У мира, жившего своей жизнью за пределами тайных партий, было много лиц и названий. Хуже всех были «обыватели» – люди, чьи «мнения, мысли, пересуды и желания мелки и ничтожны», и нелюди, обреченные на «плотоядие, чавканье, обжорство с тянучей слюной и икотой, елейность вместе со зверством»[106].
Бывал ты когда-нибудь в мясных рядах? Висят свиные, коровьи туши. На прилавках, на телегах, повсюду – куски сала, желтого жира, запекшейся крови, в стороны летят осколки костей, ошметки мозгов, собирая своры собак. Фартуки коробятся от крови. Вонь, разложение, душные, сладкотошноватые трупные запахи. Мне всегда кажется, что это – овеществленные чувства, надежды, мысли нашего растеряевца, окуровца, миргородца, – что это он сам, в самых своих сокровенных помыслах. Это его жизнь и быт. Погляди на него. С каким упоением копошится он, ворошит эти куски мяса, сала! Глаза становятся масленистыми, нижняя губа отвисает, слюна наполняет нечистые зловонные рты, он плотоядно щерится, растопыривает локти, боится, как бы у него не вырвали, не перекупили облюбованный кусок. Толкни его в это время, задень его нечаянно локтем, он ухлопать тебя готов на месте. Я видел людей, стоящих у мясных лавок с затуманенными глазами, с дрожью в пальцах: они смотрели на прилавок, на куски, как смотрят на голых женщин. Преувеличение?.. Пойди и проверь, но внимательно проверь[107].

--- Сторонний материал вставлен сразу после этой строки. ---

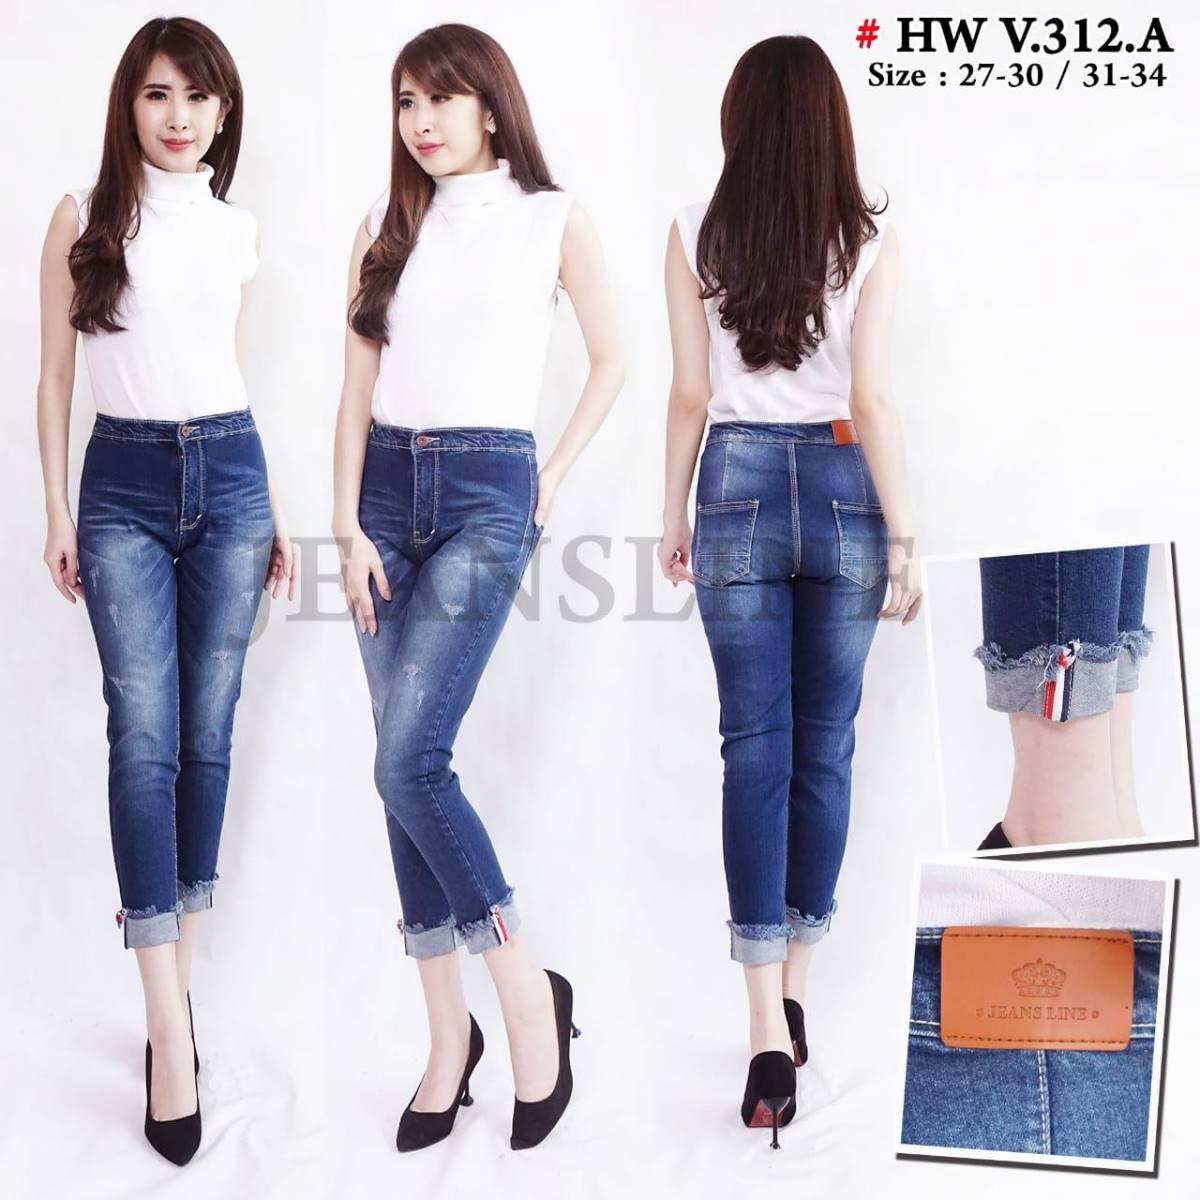 Celana Panjang Jeans Wanita (size 27, 28, 29, 30)0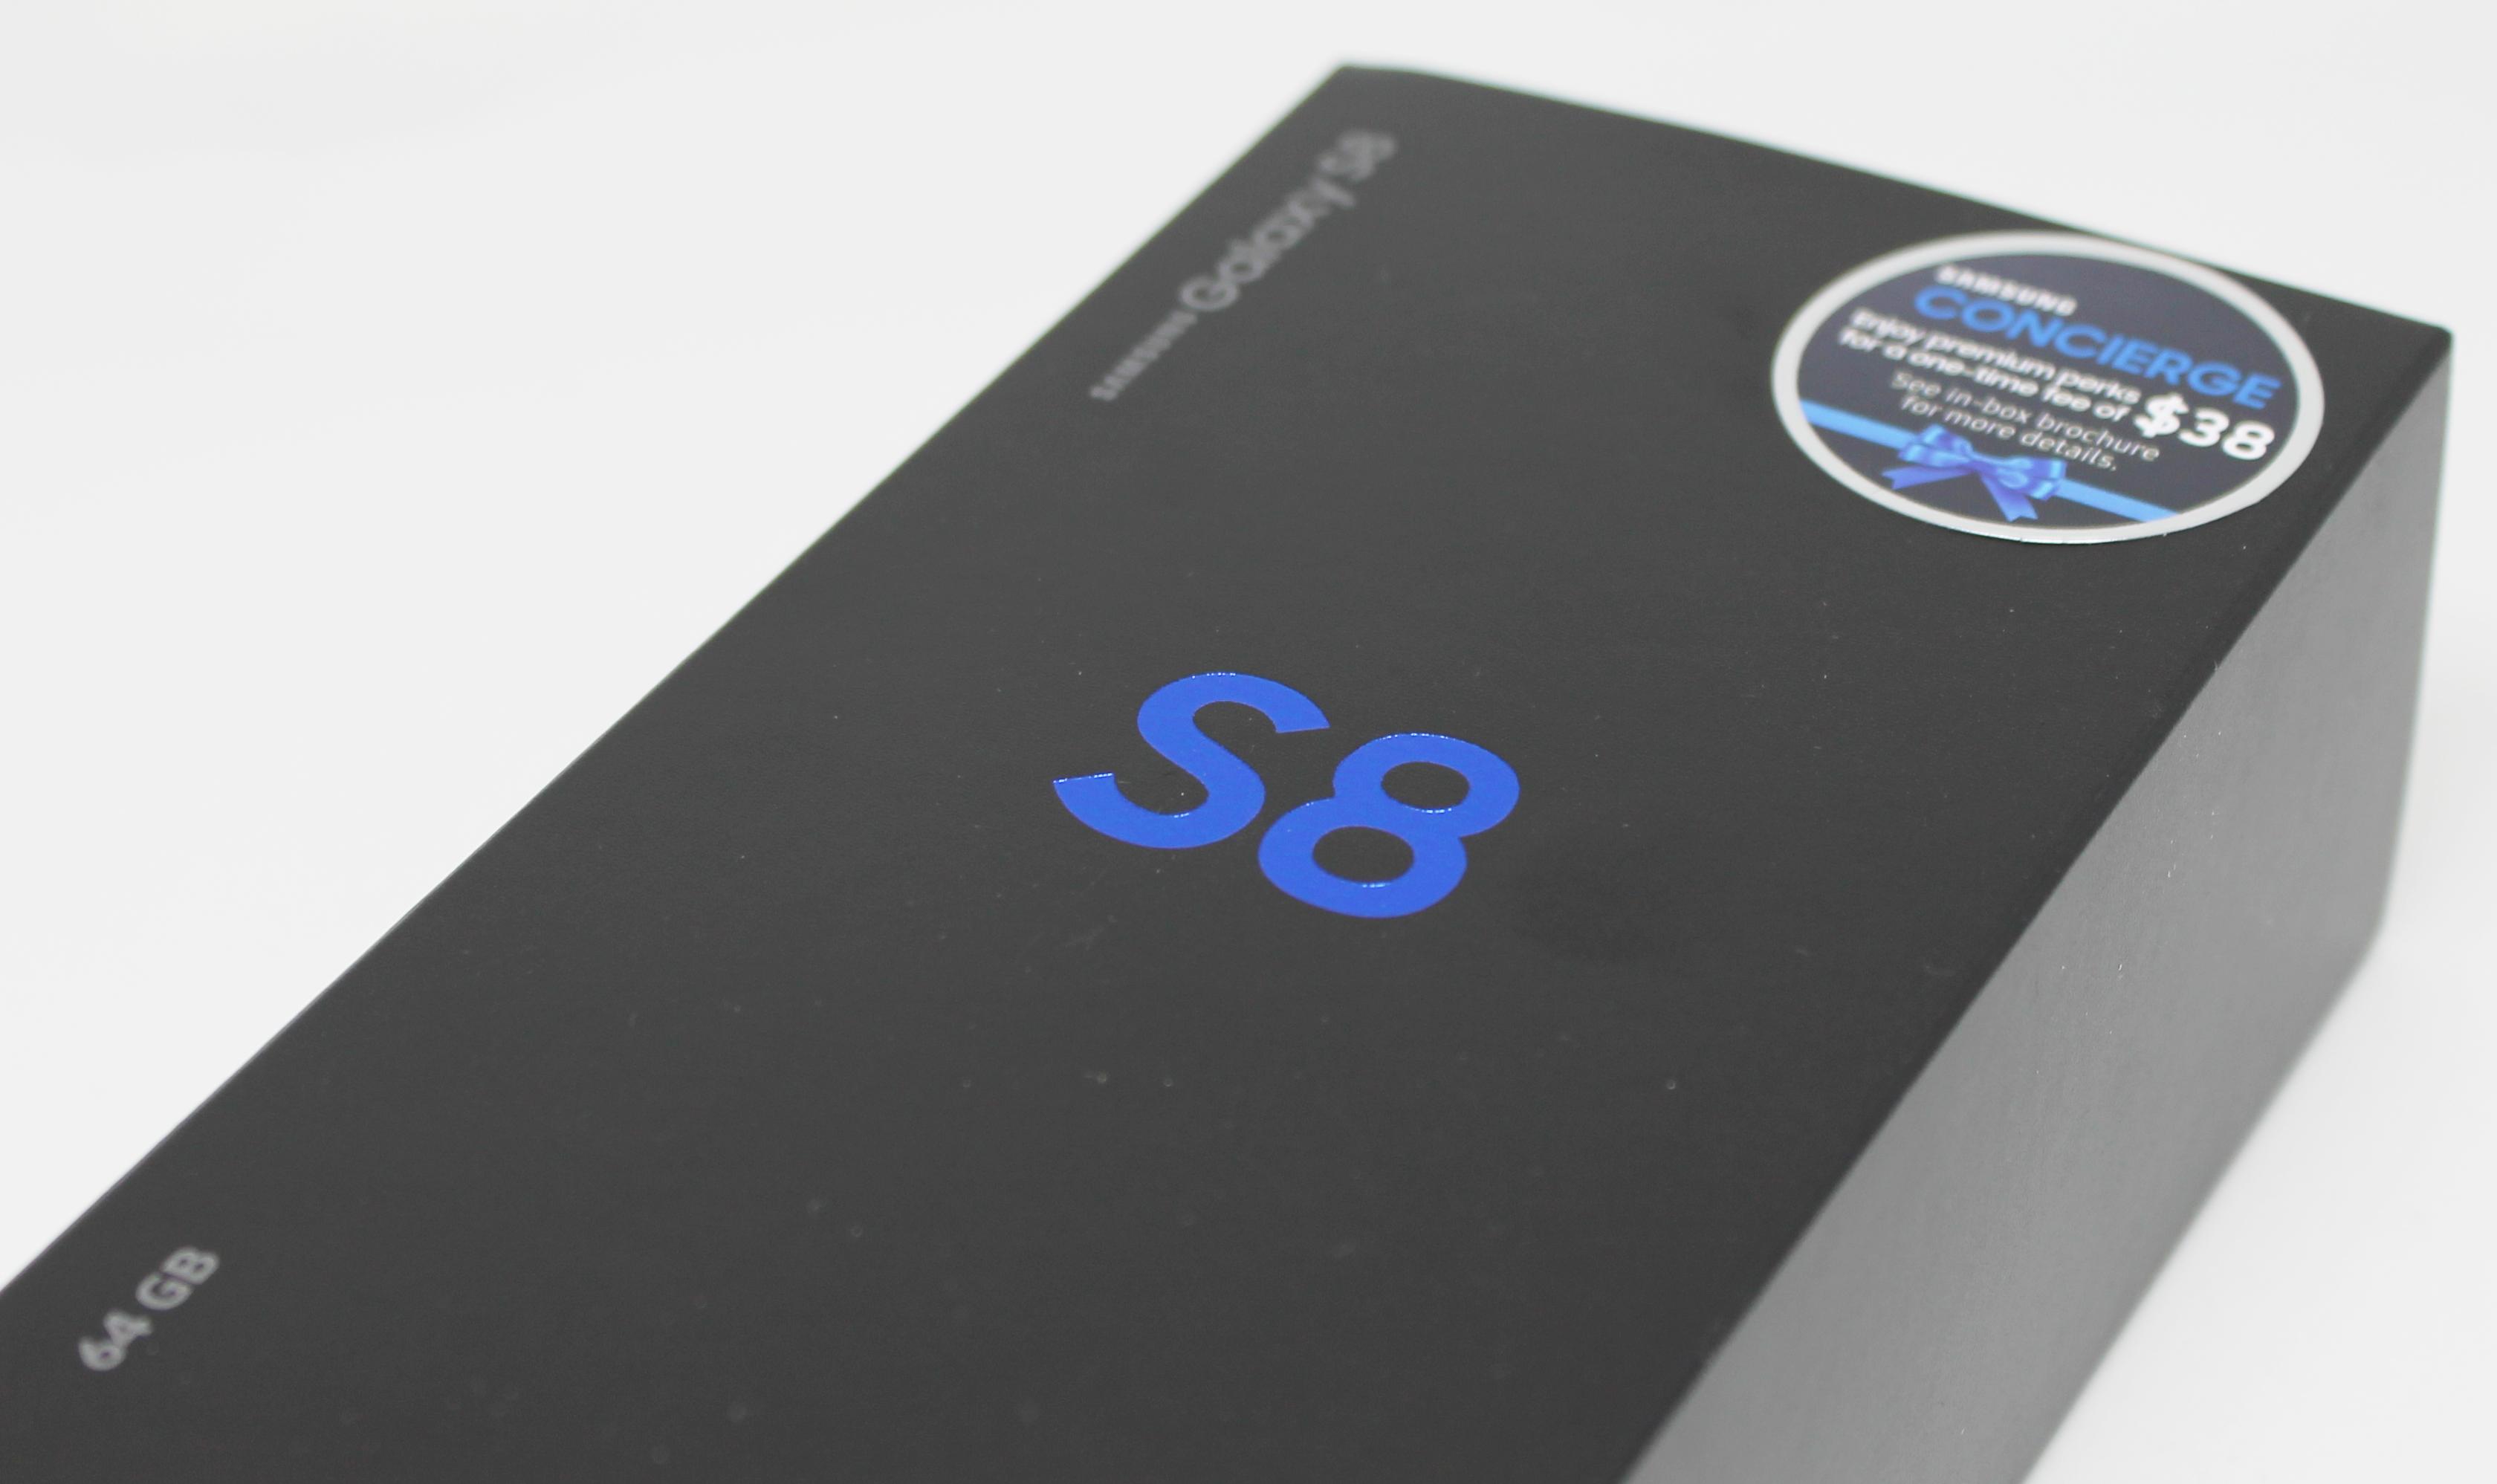 Galaxy S8シリーズに深刻な不具合?突如再起動がかかる問題が発生か

«Обыватель» – штатный антипод «интеллигента». Заштатная Россия (Гоголя, Горького, Успенского) – его среда обитания. Превратив обывателя в угнетателя, социалисты приговорили его к смерти во имя марксистской неизбежности. Главной опасностью была способность гидры отращивать новые головы. Главной метафорой служило «болото», которое прикидывалось твердой почвой и тихо просачивалось в дома, души и тайные сообщества. Родной Тамбов напоминал Воронскому тайное место, где он в детстве читал, сидя на дереве.
Снизу поднимались душные испарения, болото пучилось, урчало, гнило, вздувало пузыри, покрывалось мутной мертвой пленкой, зловонно дышало, кишело мириадами мошек, жирных и мягких головастиков, водяных пауков, красных козявок, лягушек, – болото хлюпало и шелестело камышом, осокой. Дальше, если пробраться по неверным кочкам в его глуби, разверзались трясины, – в них погибали случайно забредшие телята, коровы и лошади[108].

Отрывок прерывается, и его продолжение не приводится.